When packed, the resultant data would resemble the following:
Offset Contents (increasing addresses left to right)
0 160 44 19 62| 41 82 3 0| 98 111 120 101 115 32 111 102
A0 2C 13 3E| 29 52 03 00| 62 6f 78 65 73 20 6f 66
| b o x e s o f
16 32 112 97 112 101 114 99 108 105 112 115 0 0 0 0 0
20 70 61 70 65 72 63 6c 69 70 73 00 00 00 00 00
p a p e r c l i p s
32 0 0 0 0 0 0 0 0| 2 0| 1 0
00 00 00 00 00 00 00 00| 02 00| 01 00
I'd like some help trying to understand what's going on here, what the above fields represent; i.e. what is meant by the offset etc.
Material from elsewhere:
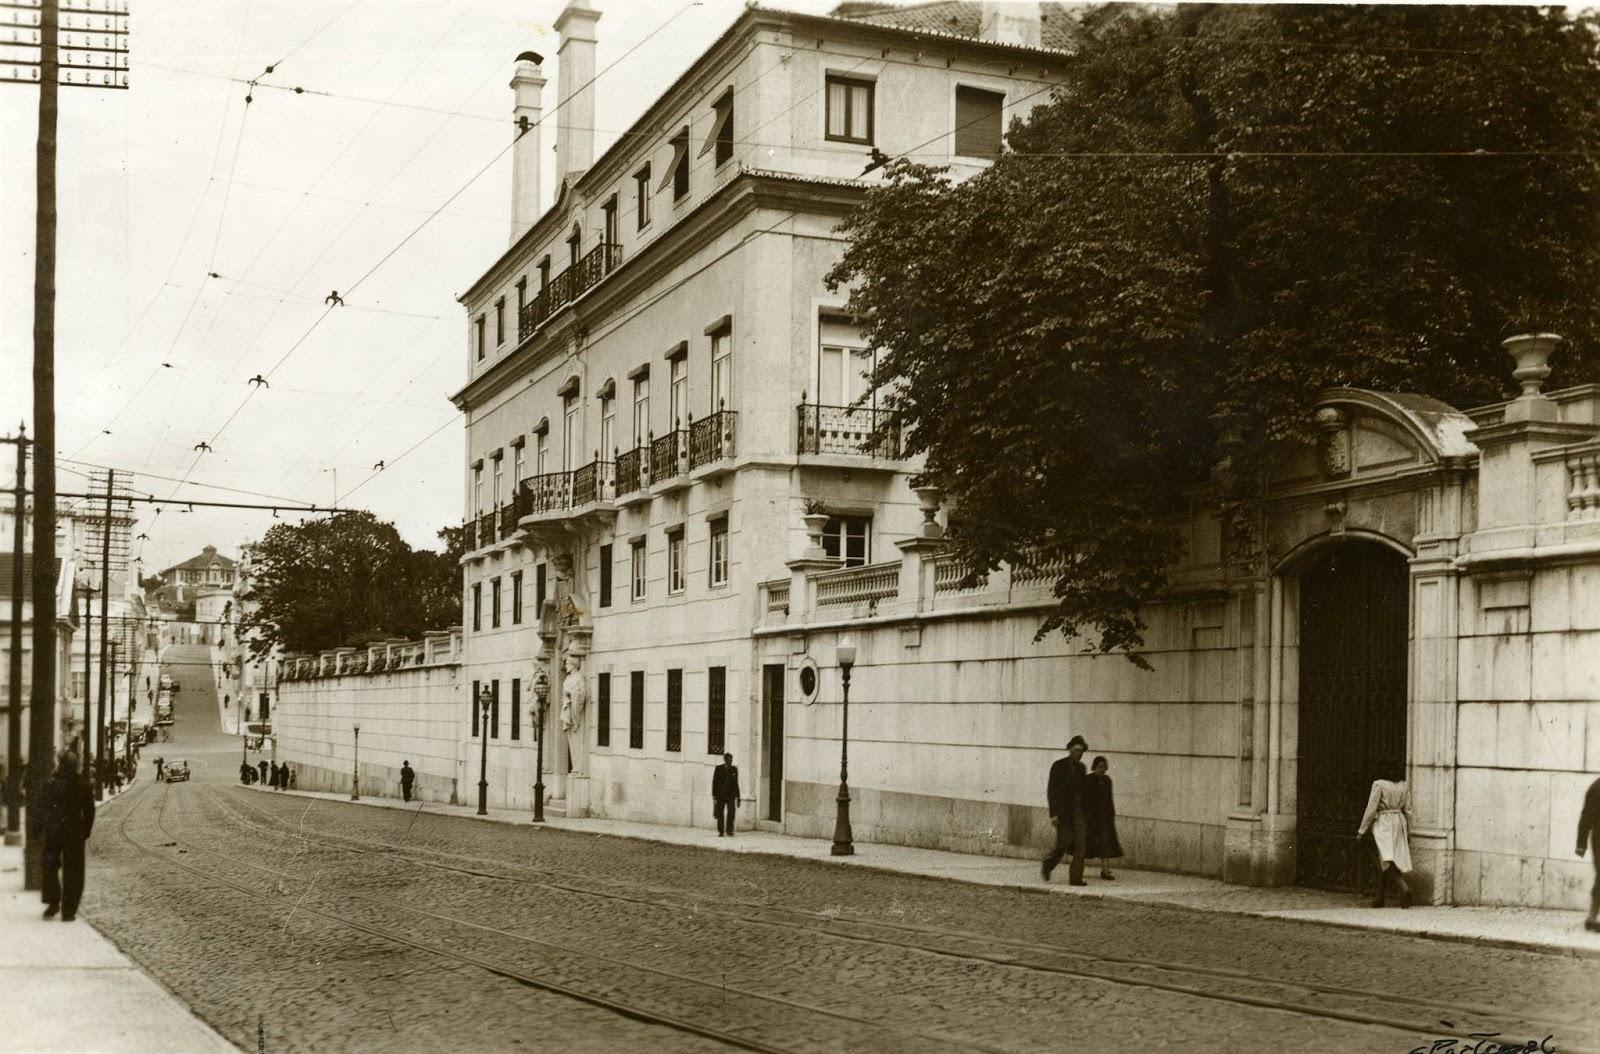 Ruas de lisboa com alguma hist ria rua da escola polit cnica x - Casa palacete 1822 ...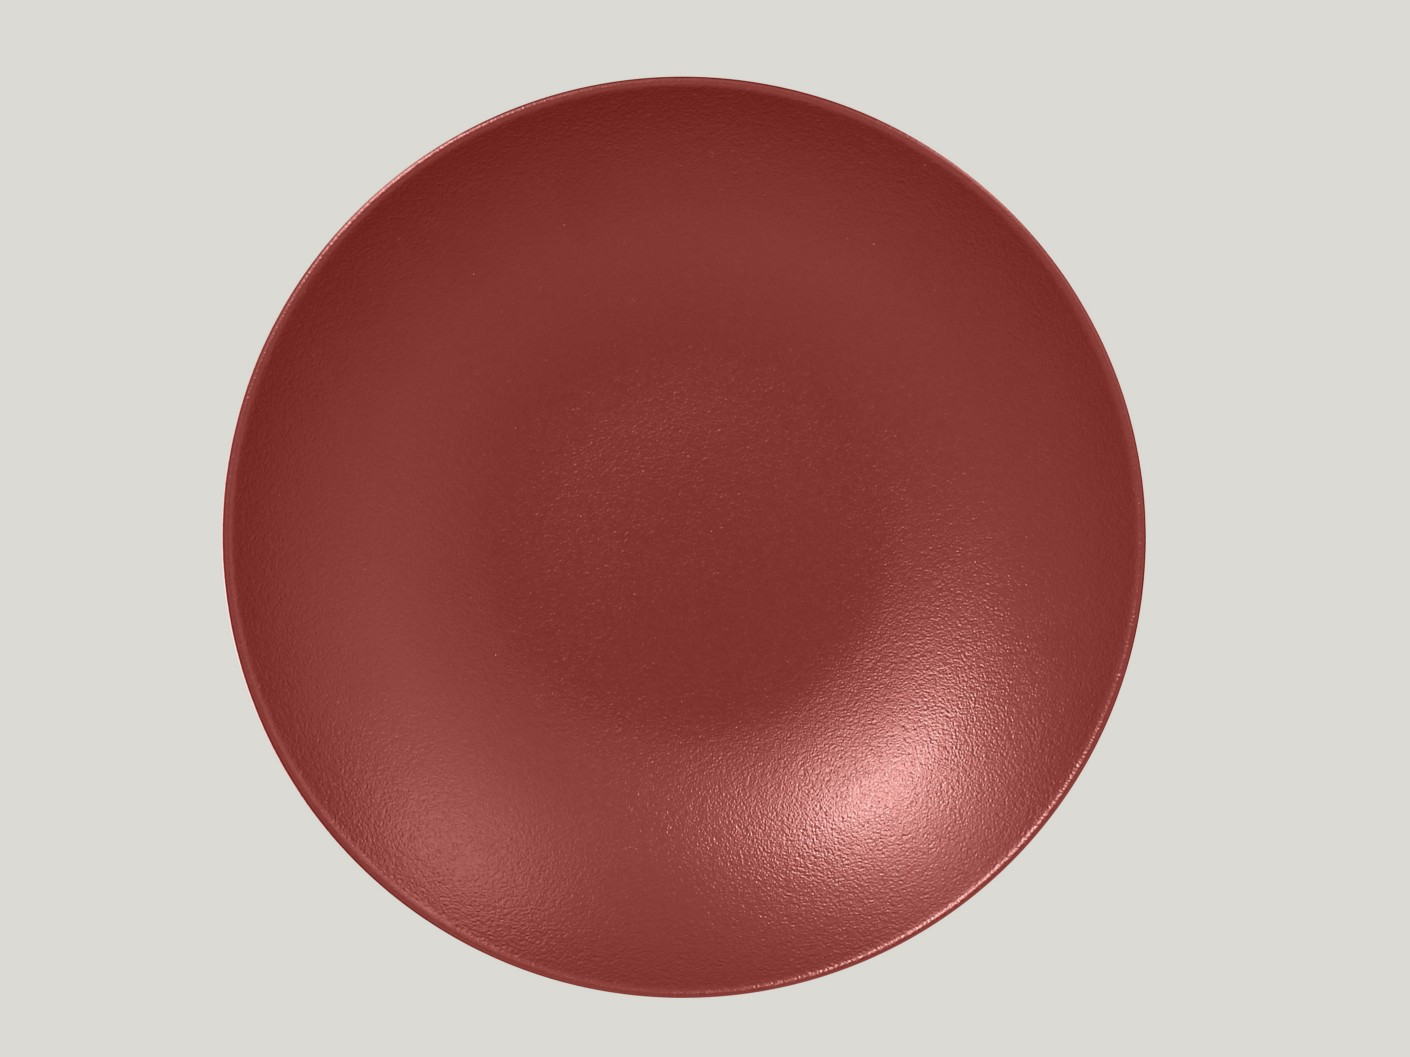 hluboký coupe talíř - tmavě červená Neofusion

The string represents the representation of a instance of the following structure in memory.
struct SupplyRequest {
time_t request_time; // time request was entered
int employee_id; // employee making request
char item[32]; // item requested
short quantity; // quantity needed
short urgent; // request is urgent
};
"Fields" refers to the fields of the structure (request_time, employee_id, ...).
"Offset" refers to the offset (position) into the string at which the byte is located.